Nawiązując na to ap. Paweł stwierdził, że „jeżeli Chrystus nie zmartwychwstał, daremna jest wasza wiara i aż dotąd pozostajecie w swoich grzechach” (1 Kor 15,17). Czyż mógłby to napisać, gdyby Jezus Chrystus – mimo śmierci Swego ciała – w rzeczywistości jednak („gdzieś tam w zaświatach”) żył?! Apostoł wiedział, że kto umarł – jest martwy. I aby mógł żyć – musi zmartwychwstać!

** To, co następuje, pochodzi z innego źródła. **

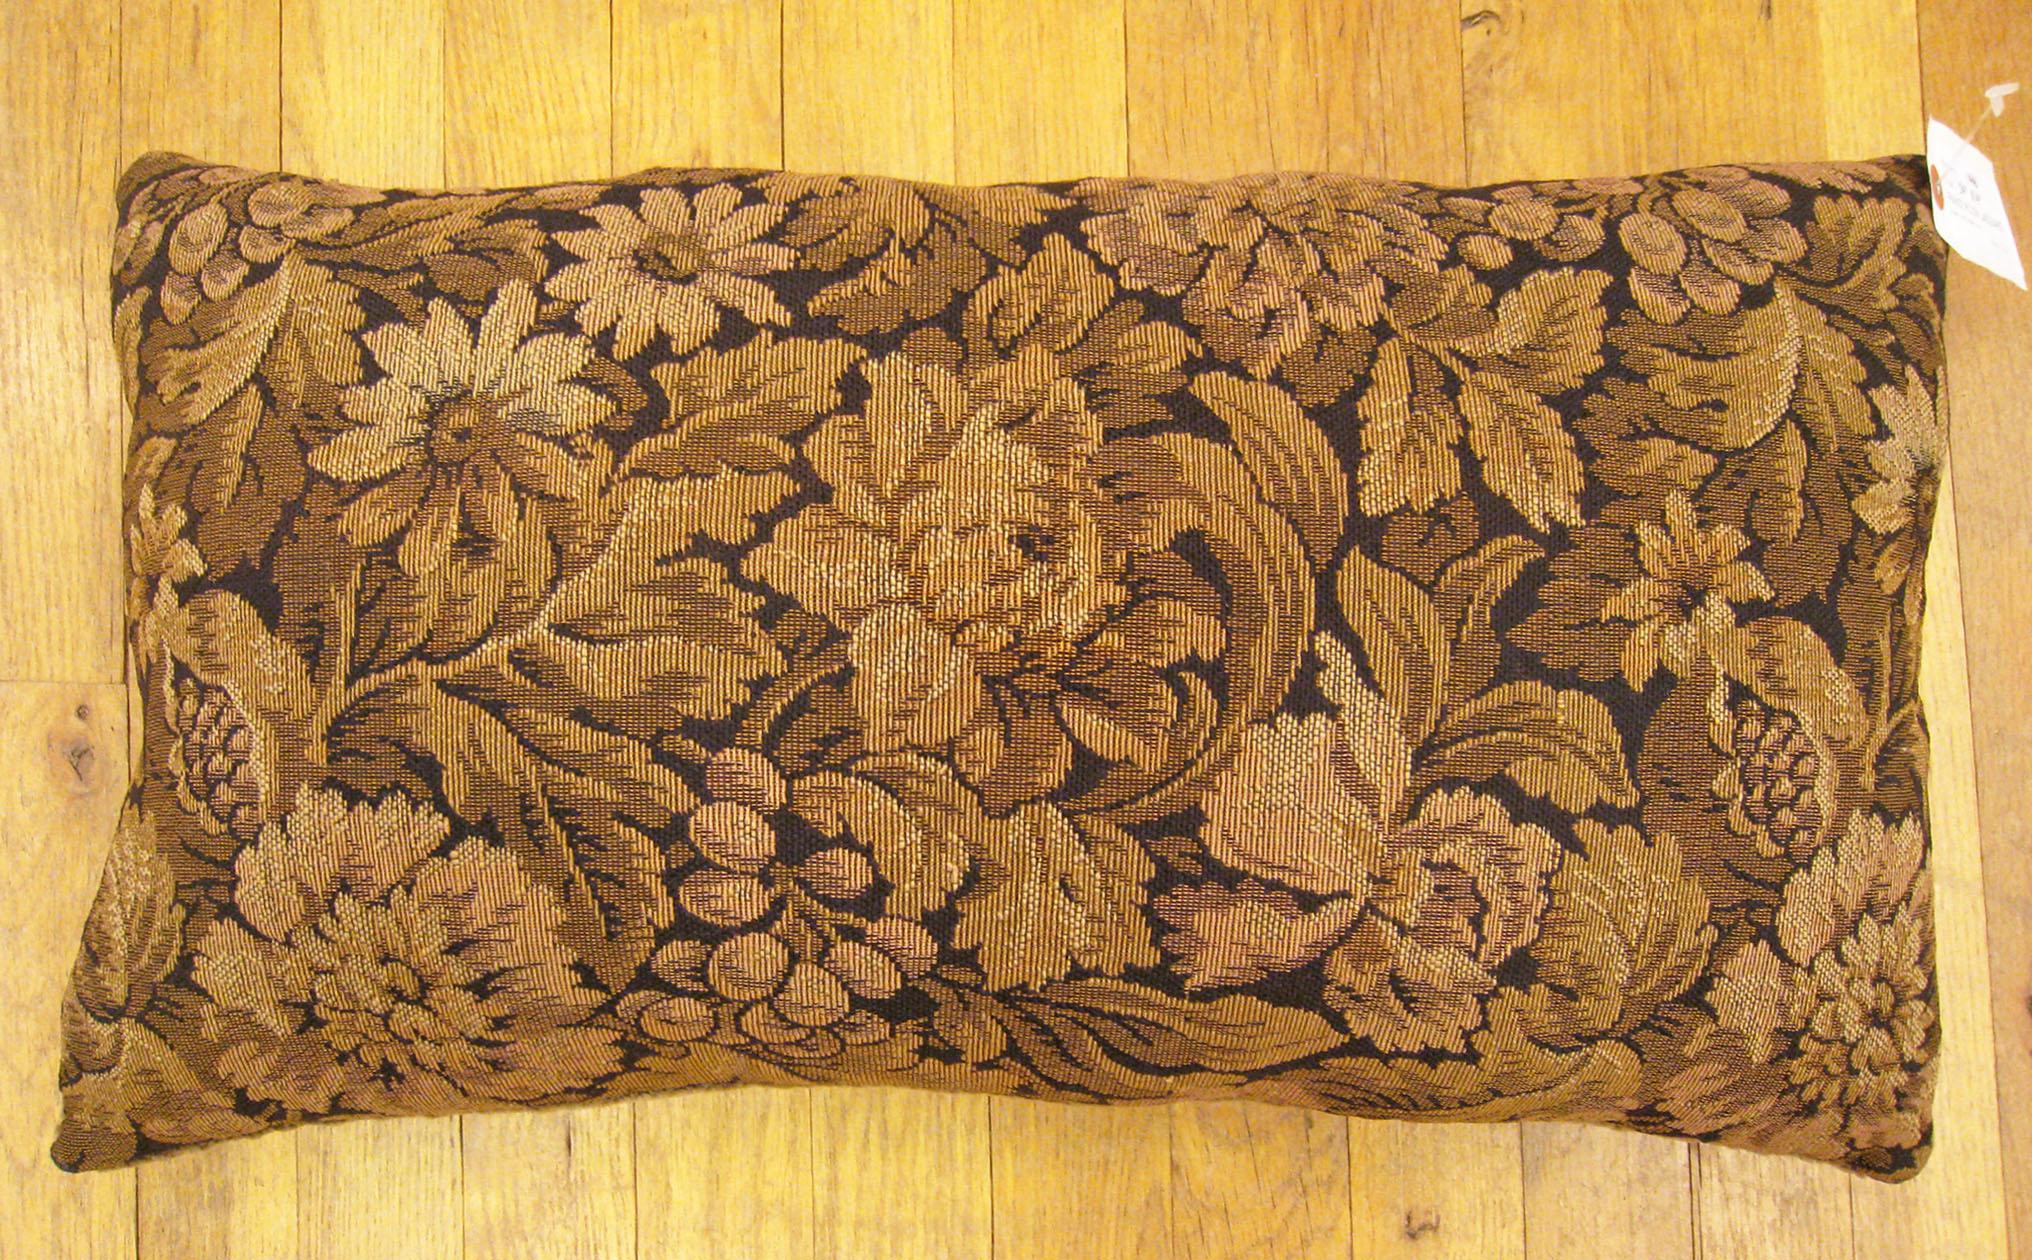 Antique French tapestry pillow; size 24” x 14” (2’ 0” x 1’ 2”). 

An antique decorative pillow with floral elments allover a brown central field, size 24” x 14” (2’ 0” x 1’ 2”). This lovely decorative pillow features an antique fabric on front

Zgodnie ze świadectwem tegoż ap. Pawła, Jezus Chrystus stał się „pierwiastkiem tych, którzy zasnęli” (1 Kor 15,20), „pierworodnym z umarłych, aby we wszystkim był pierwszy” (Kol 1,18). Naśladując Go jesteśmy do Niego podobni – zarówno w śmierci, która jest stanem niebytu, jak i w zmartwychwstaniu, poprzez które zostaniemy przywróceni życiu!

  • O ile pogląd o nieśmiertelnej duszy zakłada, że bezpośrednio po śmierci każdy człowiek otrzymuje nagrodę lub karę i od razu raduje się lub cierpi (niebo-czyściec-piekło), to w wypowiedziach Jezusa Chrystusa i Jego uczniów słychać wyraźnie inny ton: Pojęcie ostatecznej nagrody, podobnie jak kary, jest rozpatrywane zawsze w kontekście zmartwychwstania:

Lecz gdy urządzasz przyjęcie, zaproś ubogich, ułomnych, chromych i ślepych. I będziesz błogosławiony, bo nie mają ci czym odpłacić. Odpłatę bowiem będziesz miał przy zmartwychwstaniu sprawiedliwych (Łk 12,12-14);

Nie dziwcie się temu, gdyż nadchodzi godzina gdy wszyscy w grobach usłyszą głos jego; I wyjdą ci, co dobrze czynili, by powstać do życia; a inni, którzy źle czynili, by powstać na sąd (Jan 5,28.29).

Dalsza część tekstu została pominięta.